When Gifts Come Before Wedding – Send Thank You's Before/After/Both??

posted 3 years ago in Etiquette
  • poll: When should we send a Thank You?
    Only Before Wedding : (23 votes)
    49 %
    Only After Wedding : (13 votes)
    28 %
    Both! : (11 votes)
    23 %
  • Post # 3
    2562 posts
    Sugar bee
    • Wedding: March 2014

    You don’t need to thank anyone for attending… you invited them, after all!
    Do you send thank you notes after you invite people over for a BBQ? 🙂

    Unless it’s like your great-great-aunt who would appreciate the thought, then I think it’s OK.

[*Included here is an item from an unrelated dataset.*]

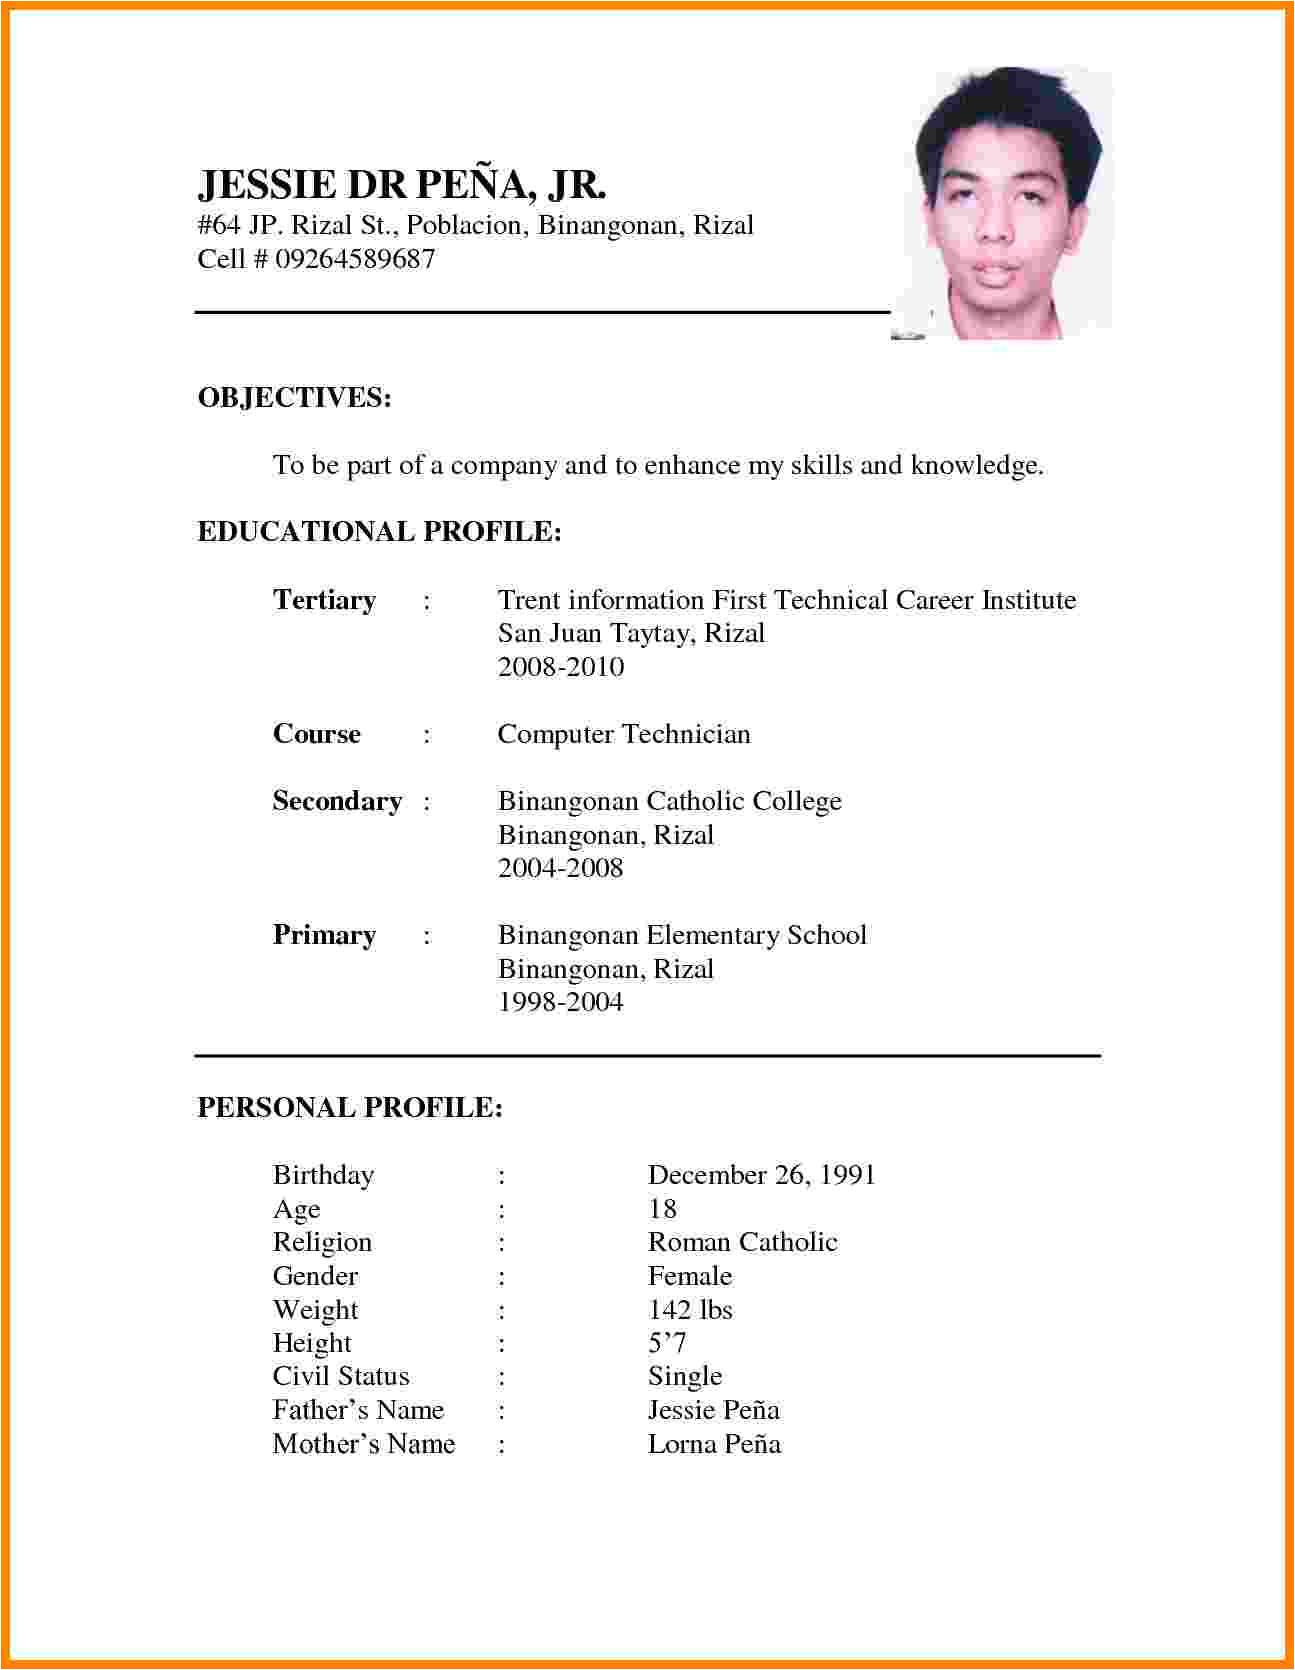 Sample Resume Letter for Job Application 11 Cv formats Samples for Job theorynpractice

    In terms of the gifts, my personal rule is to write notes as soon as I get something. I cannot use a gift until I write a thank you note.
    But you could also note who it’s from and what it is (Aunt Mary sent a toaster) and put it on the “master list” for thank-you notes down the line.

    Post # 4
    531 posts
    Busy bee
    • Wedding: August 2011

    I think if you have a ton of guests it will be an overwhelming amount of work to send 2 thank you notes.  Personally, I don’t really care that much about thank you’s from weddings as long as my gift is at some point acknowledged.  If you don’t want to send two notes I would probably just put something in the thank you note about how excited you are to see them soon/share your special day etc

    Post # 5
    1466 posts
    Bumble bee
    • Wedding: August 2014

    @lisaelanna:  +1! That should be sufficient. 

    Post # 6
    11772 posts
    Sugar Beekeeper
    • Wedding: May 2013

    I wouldn’t worry about sending two– just stick “And we look forward to seeing you at the wedding” in your thank you card!

    Post # 7
    3635 posts
    Sugar bee
    • Wedding: May 2012

    I did both, but we had a small wedding – it was 20 TY’s, tops.  The ones for the gifts that came early were “thanks so much for the serving platter, can’t wait to use it!”  The ones after the wedding were “It was so nice to see you, thanks for making the trip to celebrate with us, and thanks again for the platter!”

    Post # 8
    3806 posts
    Honey bee
    • Wedding: August 2013

    @Maurasaurus:  I’ve received 2 gifts so far and my shower isn’t until July 27 and my wedding is in August. I sent a thank you card immediately after receiving the gifts. The card lets the gift giver know that the gift was received and there’s no reason to wait to say “thank you.” Neither of these people are attending the wedding, but if they were, I would send another thank you card after the wedding to thank them for their attendance. 

    Post # 11
    2571 posts
    Sugar bee
    • Wedding: November 2013

    We’re getting gifts and we are not having guests so I am planning to send thank you’s as soon as the gifts are received or no later than a week after the shower.

    Post # 12
    225 posts
    Helper bee
    • Wedding: October 2013

    I had this question myself recently. Based on the responses and also a NYT etiquette Q&A I came across, I’m going to send just one thank you note for the gift and let that be it, no second note after the wedding. 

    Post # 13
    3806 posts
    Honey bee
    • Wedding: August 2013

    @Maurasaurus:  it is! and the anticipation of not unwrapping them… i hate that part. lol FI and I agreed to leave them wrapped.

    Post # 14
    3806 posts
    Honey bee
    • Wedding: August 2013

    double post…weird.

    Post # 16
    1644 posts
    Bumble bee

    @Maurasaurus:  A marriage is not like Christmas which takes place on a particular day and then is over. A marriage is a change of life, for which the couple needs to prepare, and the gifts are intended to help the couple establish their new life. Proper form is for guests to send gifts to your home before the wedding, so that you mayset them up in your new marital home, ready for use when your groom carries you across the threshold on your return from your honeymoon.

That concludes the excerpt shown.